Procedural Due Process, Professional Licenses, and Reputational Damage
December 01, 2005
To state a procedural due process claim, the plaintiff must prove not simply that some government act injured her reputation; she must also prove she suffered some additional harm. This is know as the "stima plus" requirement. In Neil v. Fields, No. 04-3743 (8th Cir. Dec. 1, 2005), a nurse sued after her state's nurse-licensing board disclosed to a prospective employer that the nurse was under investigation for misconduct.
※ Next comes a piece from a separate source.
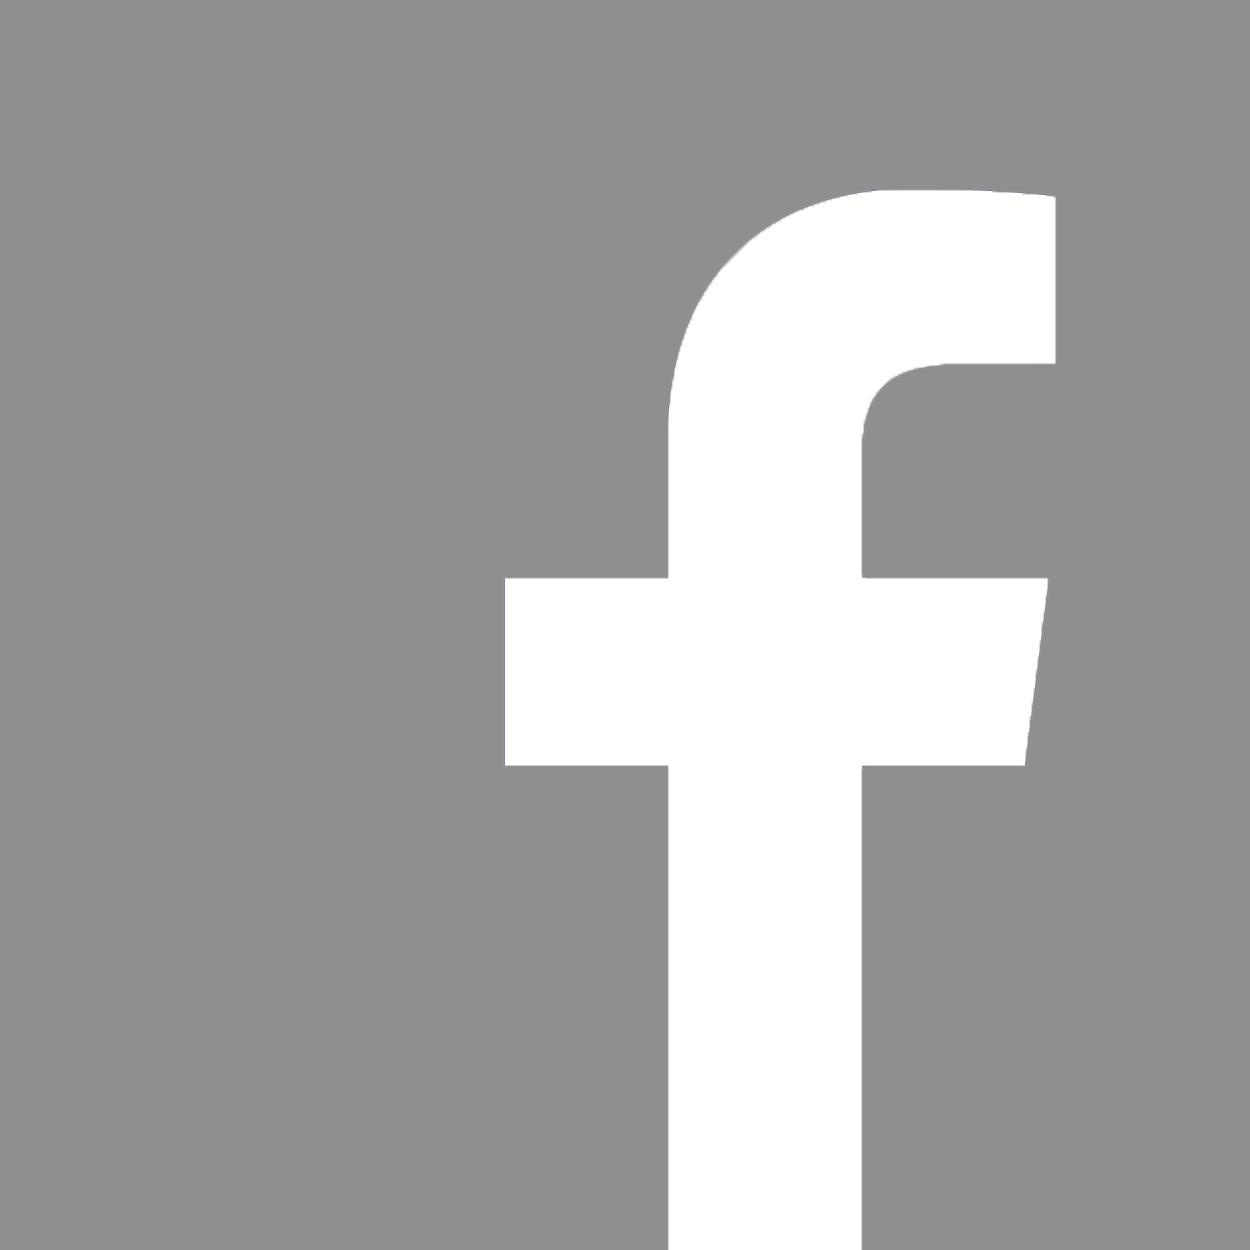 logo-facebookpng
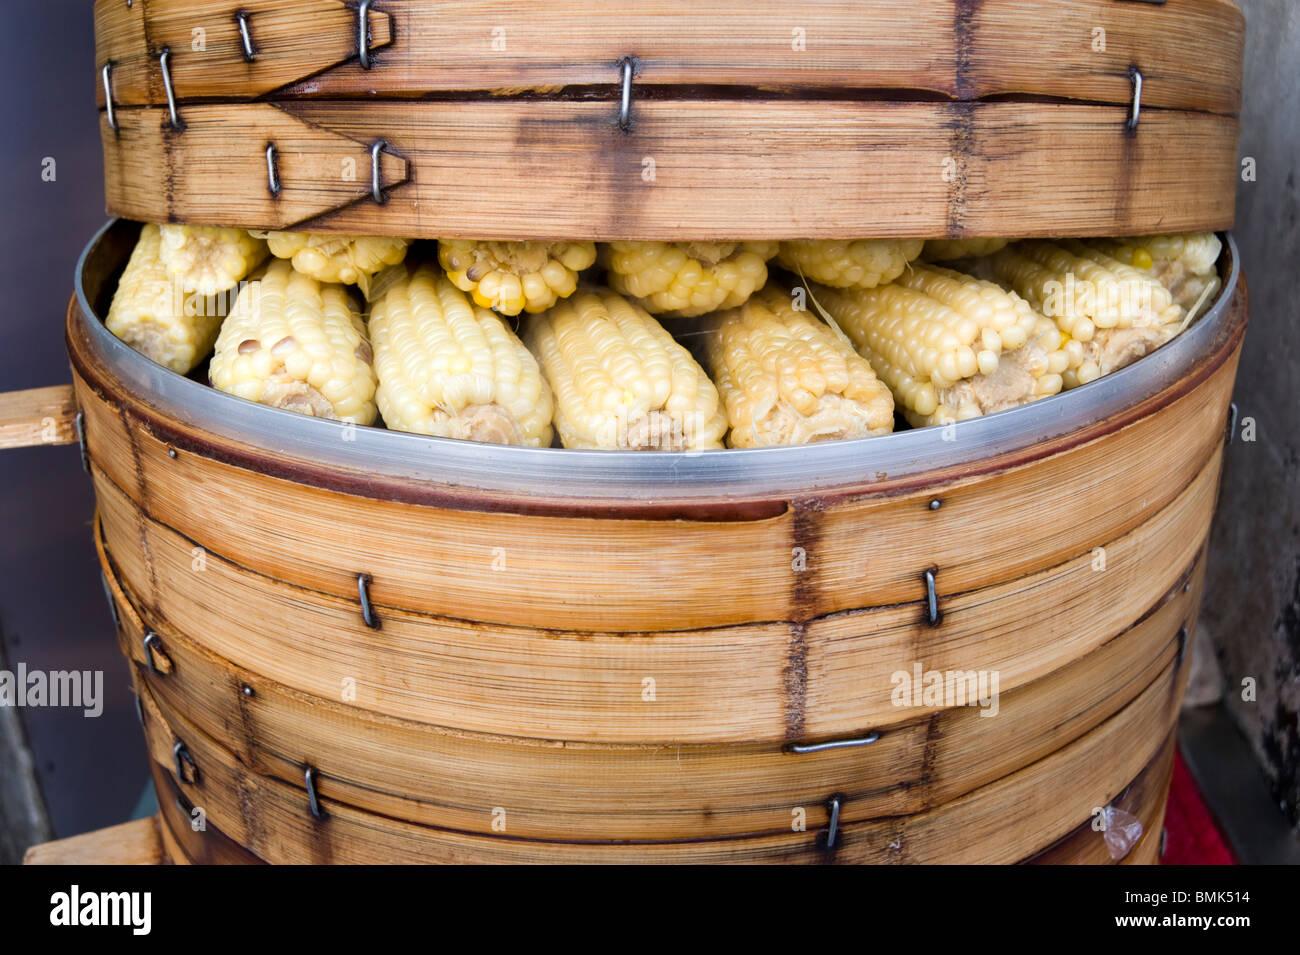 Des épis de maïs dans l'alimentation de rue des paniers de bambou, Shanghai, Chine Photo Stock

After learning about the pending investigation (but without having learned about the nature of the allegations), the hospital refused to hire the nurse. The nurse sued the state licensing director under Section 1983, alleging a stigma-plus claim. A unanimous three-judge panel rejected the nurse's claim, and in the process, created a high hurdle for Section 1983 litigants to meet:
Injury to reputation alone is not a liberty interest protected under the Fourteenth Amendment. Accordingly, we have limited this claim to cases in which a public employer terminated an employee and published reasons for the discharge that seriously damaged the employee’s standing in the community or foreclosed other employment opportunities. We further limit this claim to government accusations "so damaging as to make it difficult or impossible for the employee to escape the stigma of those charges." [E.g., where the state makes allegations of "dishonesty, immorality, criminality, racism, and the like."] Here, Neal is not a terminated public employee, nor has she suffered the arguably analogous injury of license revocation. The Board has disclosed only the fact of an investigation, not the allegations being investigated (whether sufficiently stigmatizing or not). Thus, the complaint fails to state a procedural due process liberty interest claim as a matter of law.
Slio op. at 4-5 (citations omitted).